Since the 1960s, researchers have worked to computerize menu planning. Still, it has proven to be quite challenging due to the complex factors involved, including dietary requirements, appropriate food pairings, preferences, etc. But in the future, new advances in artificial intelligence might make this a reality. For instance, a menu tool might employ AI with incremental learning technology, initially under the direction of a CDM or CFPP. The CFPP’s decisions can incorporate code-based reasoning into its menu design, relying less on human interaction to create future menus as the computer “learns” about the decision-making processes via a CDM.

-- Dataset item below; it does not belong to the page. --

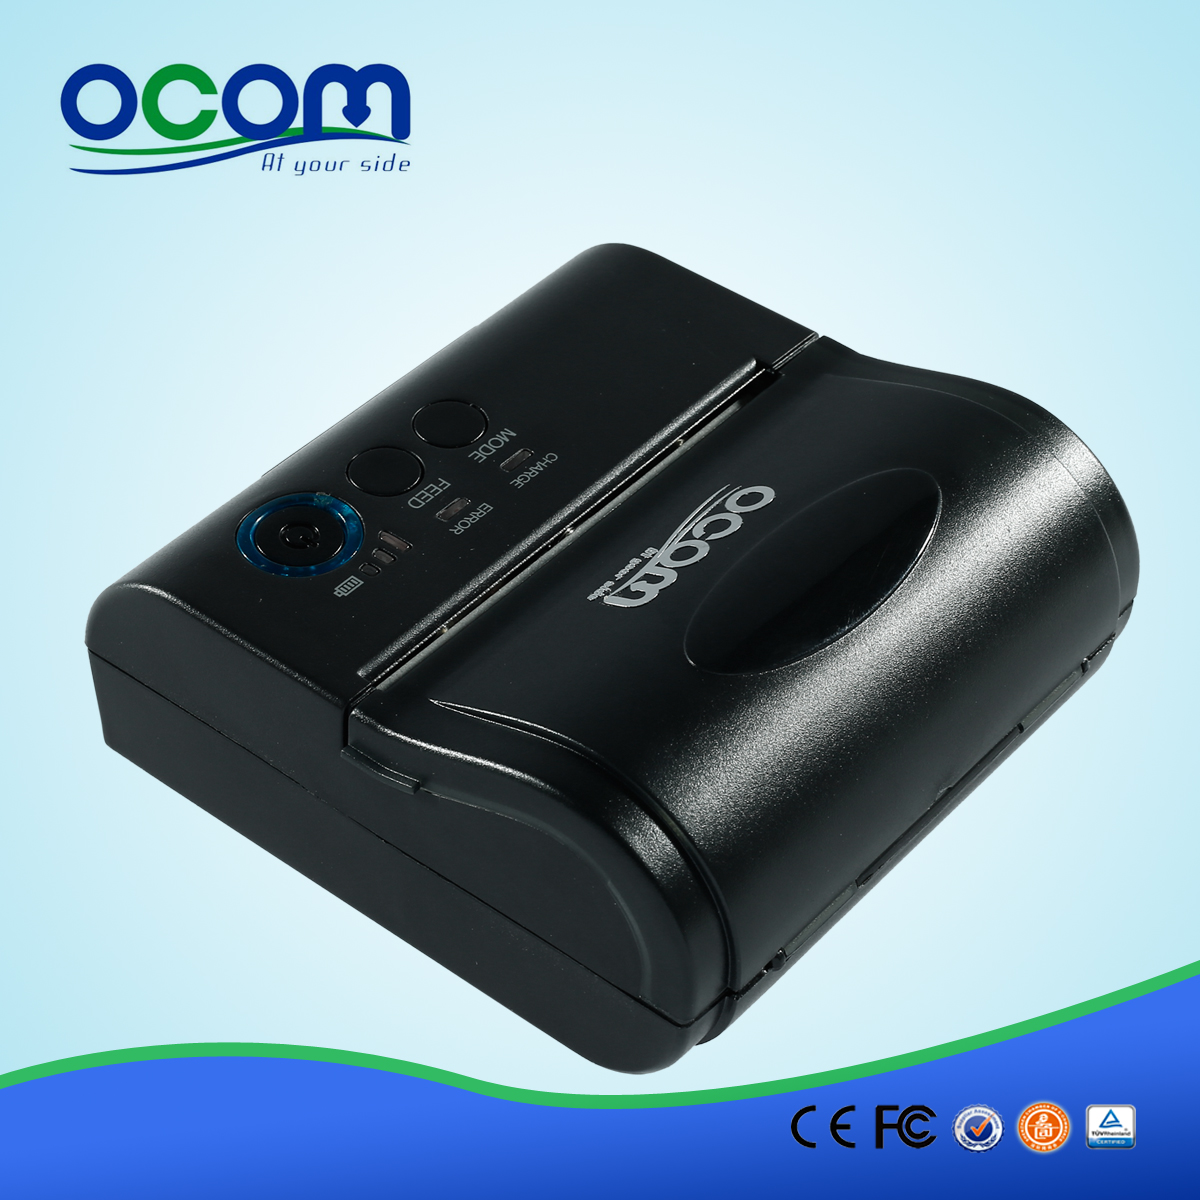 Горячий! OCPP-M082 дешевый портативный мини Bluetooth принтер с адаптером
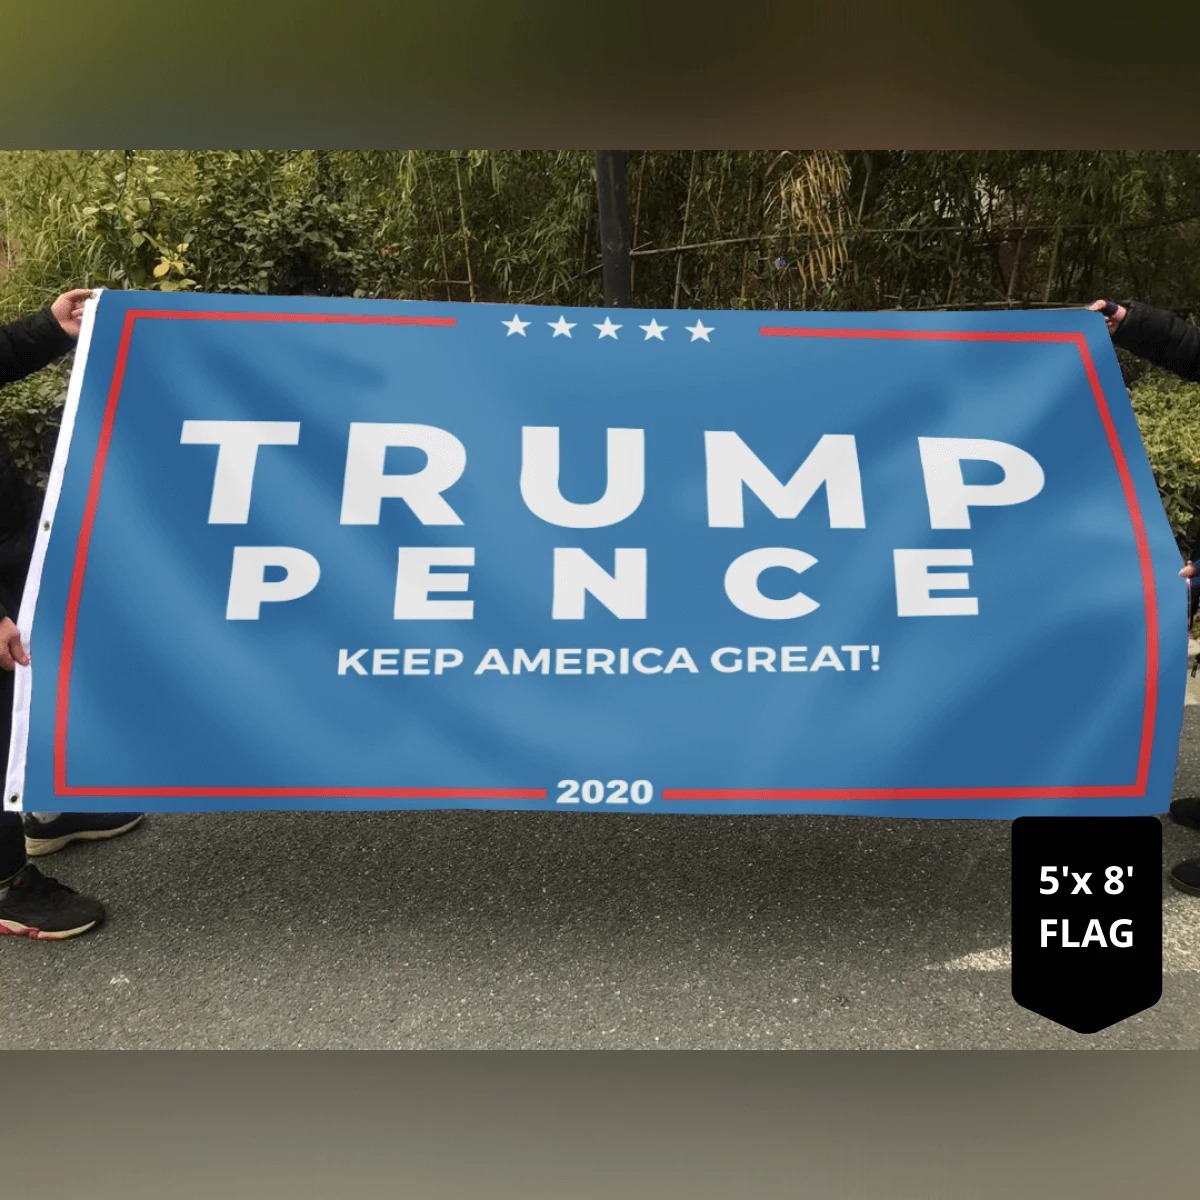 Trump pence keep America great flag2

Dietary Screening and Nutrition Care

Recent alliances between technology and healthcare companies show a desire to use artificial intelligence in patient care, including nutrition. For instance, Mayo Clinic collaborated with two tech start-ups in 2021, intending to develop and market artificial intelligence tools for the healthcare sector. Though AI is still in its infancy, it may one day be used to forecast nutrition risk levels or support nutrition care management. For instance, several current studies have examined meals before and after consumption using image-based artificial intelligence. The use of this technology could help identify patients who are at risk for malnutrition by estimating nutrient intake.

Robot Food Production

Yes, the scenario sounds like it belongs in a science fiction book, but in some establishments, robots are producing food. For instance, Chowbotics’ Sally, a robot that makes salads, made her debut in 2017. Along with making salads, Sally also uses a cloud-based portal to track ingredient usage data, helping you better manage inventory and cut down on food waste. Like a salad vending machine, this robotic system can be installed anywhere in your building and can even integrate with employee badges for speedy payment. Flippy, a robot created by Miso Robotics, is another illustration. This AI-powered frying assistant automates the production of any fried food, gradually lowering labor costs. It may also offer information on how products and oil are used.

Inventory Management

Inventory management will almost certainly benefit from AI technology in the future. Systems could be created, for instance, to examine room service orders and compare them to the inventory levels that are currently being computer tracked. AI can decide whether to add a low-stock item to an order list or even order it directly from your vendors if it is discovered. Trash cans with AI capabilities are now being introduced to the market, perhaps even more innovative. These bins take pictures of the food thrown out and use a computer algorithm to determine the cost. Future decisions regarding inventory management may be improved as a result of this for an organization. One such product, the Winnow Vision, claims to be able to reduce food costs by 2–8% annually.

Customer Service Chatbots

Customers may be able to chat with a customer service bot that uses AI to help answer questions when they visit a website—most frequently a restaurant, but possible for any consumer-facing site. For instance, a family member could visit a long-term care facility website and ask an AI-powered chatbot, “What is the menu for this month?” The AI bot would then generate a link or file containing that month’s menu. Due to the AI chatbot’s ability to respond to queries and provide information without the assistance of a customer service agent, this can increase efficiency for both the business and its clients.

Food Safety Compliance

To lower the risk of contracting a foodborne illness, businesses must implement appropriate food safety protocols. This is another area where AI may be useful. For instance, an AI tool called KanKan has been used in China to ascertain whether food service employees are donning the required masks and hats. The system uses video monitoring with the object and facial recognition to identify those breaking the rules throughout their shift. Fish fraud is an intriguing application of AI in food safety. Tellspec creates a portable sensor that can be used on fish to identify nutritional value and instances of fraud (such as buying seabass but being sold tilapia). At the kitchen level, this is less useful, but vendors could use it to guarantee ethical sourcing.